Question

What is `int xarctan(x^2) dx`?

Answer 1

`intxarctan(x^2)dx=1/2x^2arctan(x^2)-1/4ln(1+x^4)+C`

Explanation:

First, we can perform substitution with the `x^2` and `x`,

Let `t=x^2` so that `dt=2xdx`.

`intxarctan(x^2)=1/2int2xarctan(x^2)dx=1/2intarctan(t)dt`

Now, we will use integration by parts. Don't be fooled by the fact that there's only the arctangent function in the integrand--the `dv` value can be `1`.

As a reminder, integration by parts takes the form:

`intudv=uv-intvdu`

Here, `u=arctan(t)` and `dv=dt`. These imply that `du=1/(1+t^2)dt` and `v=t`.

Thus

`1/2intarctan(t)dt=1/2[tarctan(t)-intt/(1+t^2)dt]`

For this second integral, use substitution again.

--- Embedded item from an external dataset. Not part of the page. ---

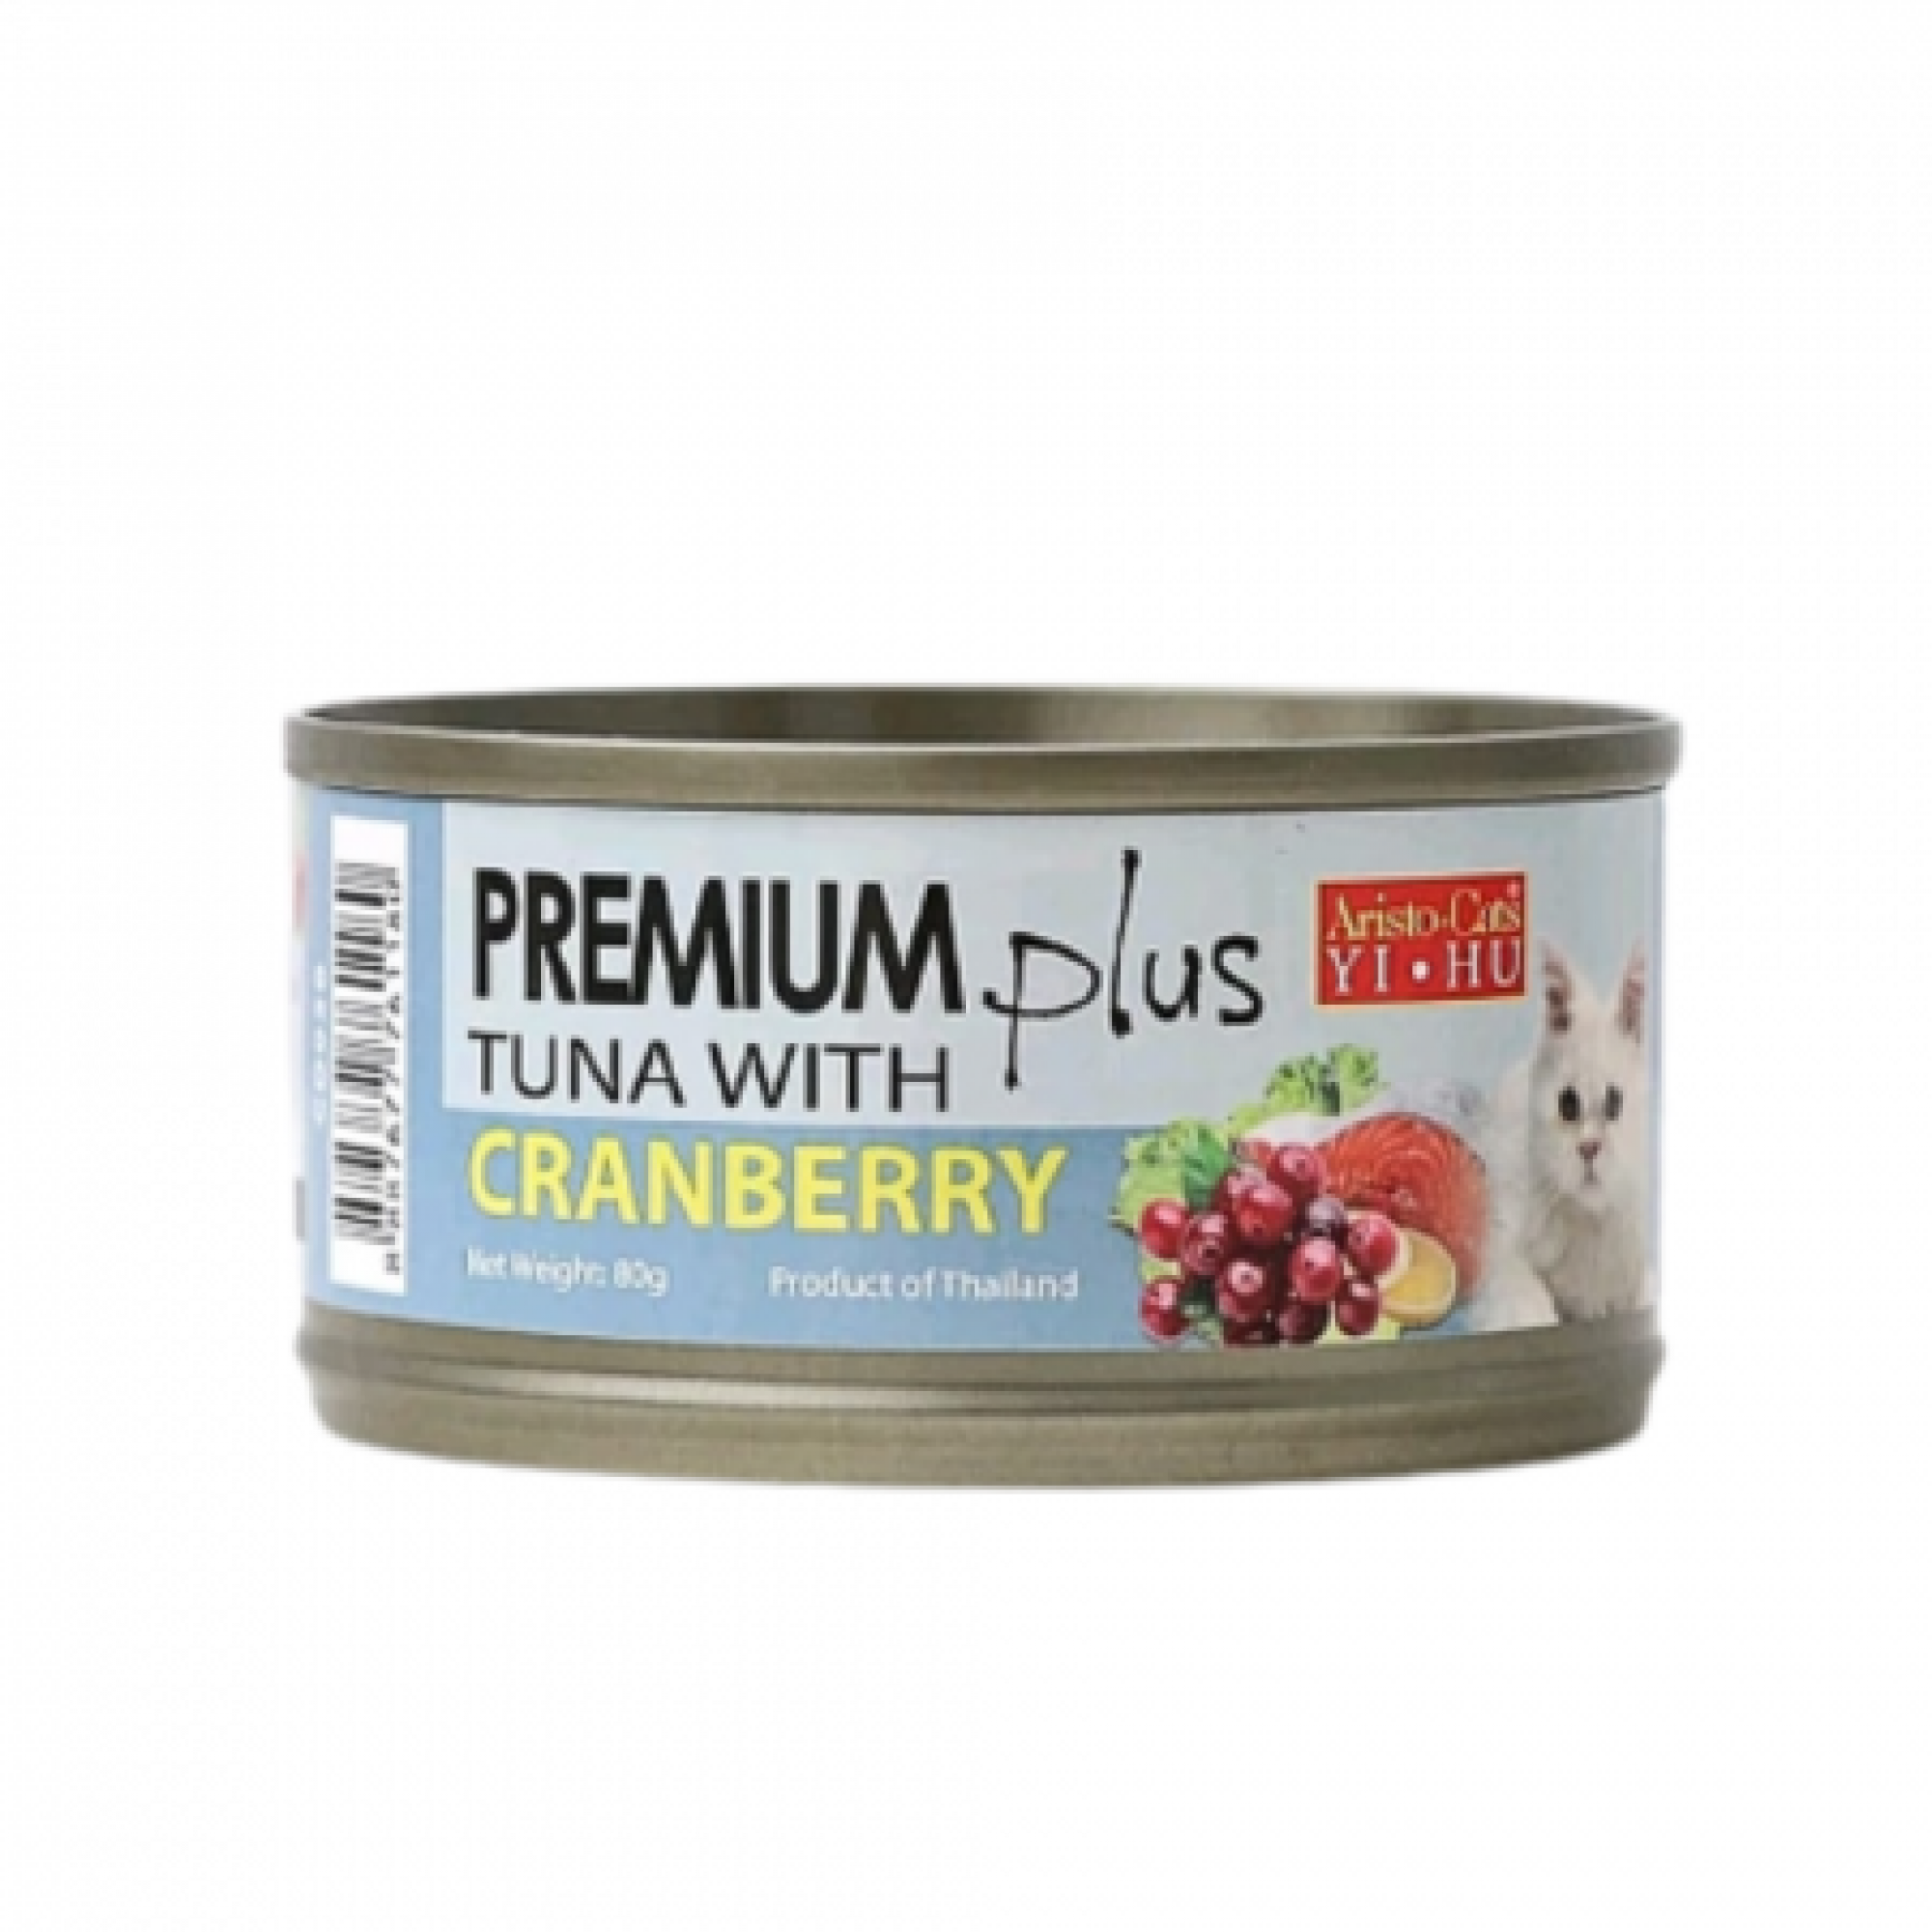 Aristo-Cats - Premium Plus - Tuna with Cranberry 80g

Let `s=1+t^2` and `ds=2tdt`.

`intt/(1+t^2)dt=1/2int(2t)/(1+t^2)dt=1/2int1/sds=1/2ln(abss)+C`

Thus,

`1/2intarctan(t)dt=1/2[tarctan(t)-1/2ln(abss)]+C`

Since `s=1+t^2`,

`1/2intarctan(t)dt=1/2tarctan(t)-1/4ln(abs(1+t^2))+C`

Now since `t=x^2`:

`1/2intarctan(t)dt=1/2x^2arctan(x^2)-1/4ln(1+x^4)+C`

And `1/2intarctan(t)dt=intxarctan(x^2)dx`, so

`intxarctan(x^2)dx=1/2x^2arctan(x^2)-1/4ln(1+x^4)+C`